Lockout: Sparse Regularization of Neural Networks
Project description
Lockout
Sparsity Inducing Regularization of Neural Networks
Install
pip install lockout [-- upgrade]
Usage
PyTorch
installation required.
1. Neural Network Architecture
To modify the architecture of the neural network change either:
- The number of input features: n_features
- The number of layers: len(layer_sizes)
- The number of nodes in the ith layer: layer_sizes[i]
from lockout.pytorch_utils import FCNN
n_features = 100
layer_sizes = [10, 1]
model_init = FCNN(n_features, layer_sizes)
2. Create PyTorch DataLoaders
Previous preprocessing and partitioning of the data is assumed.
from lockout.pytorch_utils import make_DataLoaders
dl_train, dl_valid, dl_test = make_DataLoaders(xtrain, xvalid, xtest, ytrain, yvalid, ytest)
3. Unconstrained Training
Modify the following hyperparameters according to your particular problem:
- lr: Learning rate
- loss_type: Type of loss function
- loss_type=1 (Mean Squared Error)
- loss_type=2 (Mean Cross Entropy)
- optim_id: Optimizer
- optim_id = 1: Stochastic Gradient Descend
- optim_id = 2: Adam
- epochs: Maximum number of epochs during training
- early_stopping: Number of epochs used in the convergence condition
- tol_loss: Maximum change in the training loss function used in the convergence condition
- reset_weights: Whether or not to reset weights before starts training
from lockout import Lockout
lr = 1e-2
loss_type = 1
optim_id = 1
# Instantiate Lockout
lockout_forward = Lockout(model_init,
lr=lr,
loss_type=loss_type,
optim_id=optim_id)
# Train Neural Network Without Regularization
lockout_forward.train(dl_train, dl_valid,
train_how="unconstrained",
epochs=10000,
early_stopping=20,
tol_loss=1e-6,
reset_weights=True)
The model at the validation minimum and the unconstrained model can be retrieved and saved for further use.

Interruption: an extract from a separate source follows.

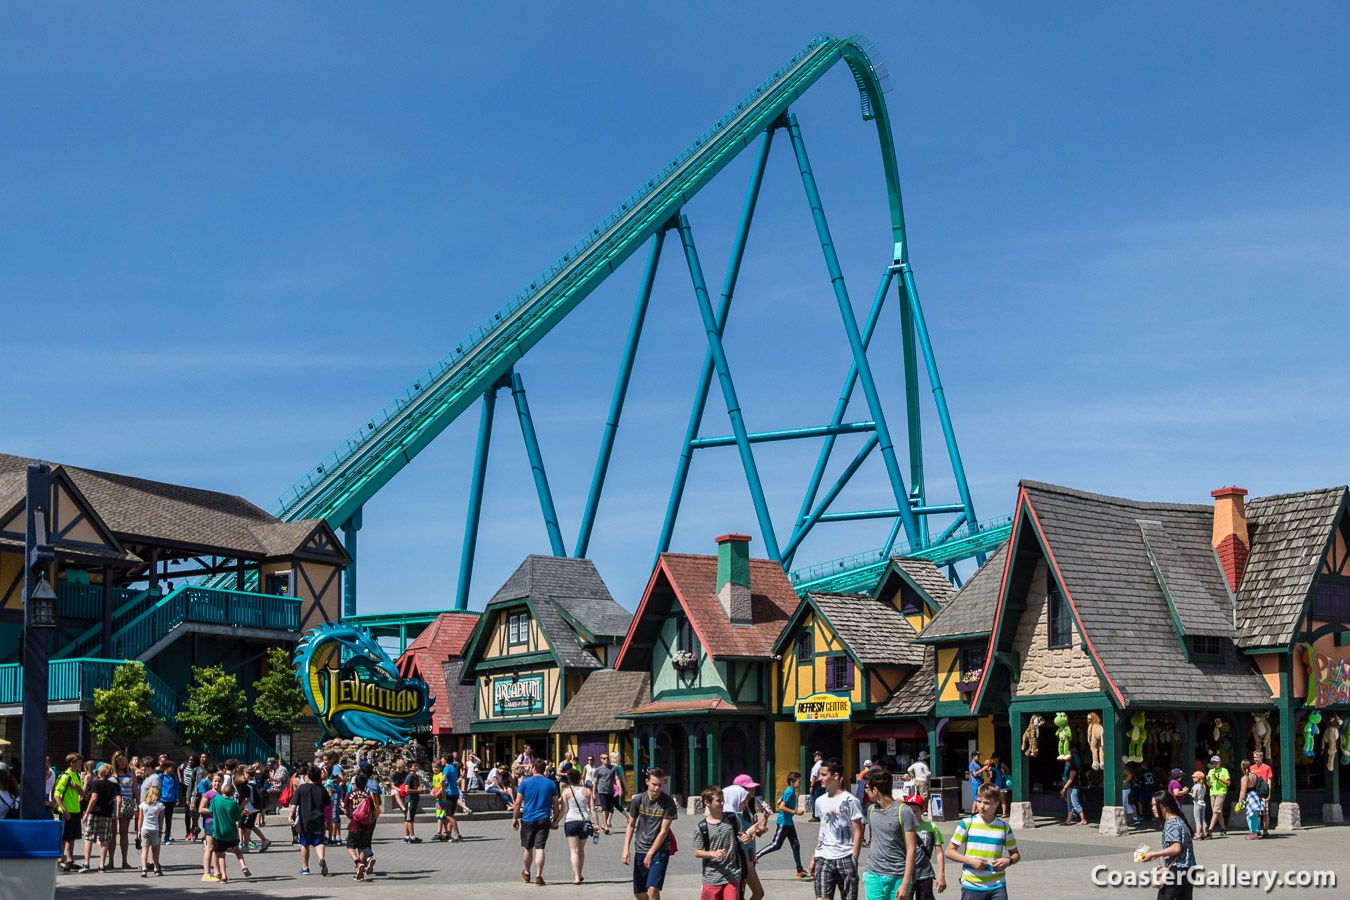 Leviathan roller coaster at Canada's Wonderland

from lockout.pytorch_utils import save_model
# Save Unconstrained Model
model_forward_unconstrained = lockout_forward.model_last
save_model(model_forward_unconstrained, 'model_forward_unconstrained.pth')
# Save Model At Validation Minimum
model_forward_best = lockout_forward.model_best_valid
save_model(model_forward_best, 'model_forward_best.pth')
Loss and accuracy curves can be retrieved for analysis or graphing. For regression problems, R2 is computed as the accuracy.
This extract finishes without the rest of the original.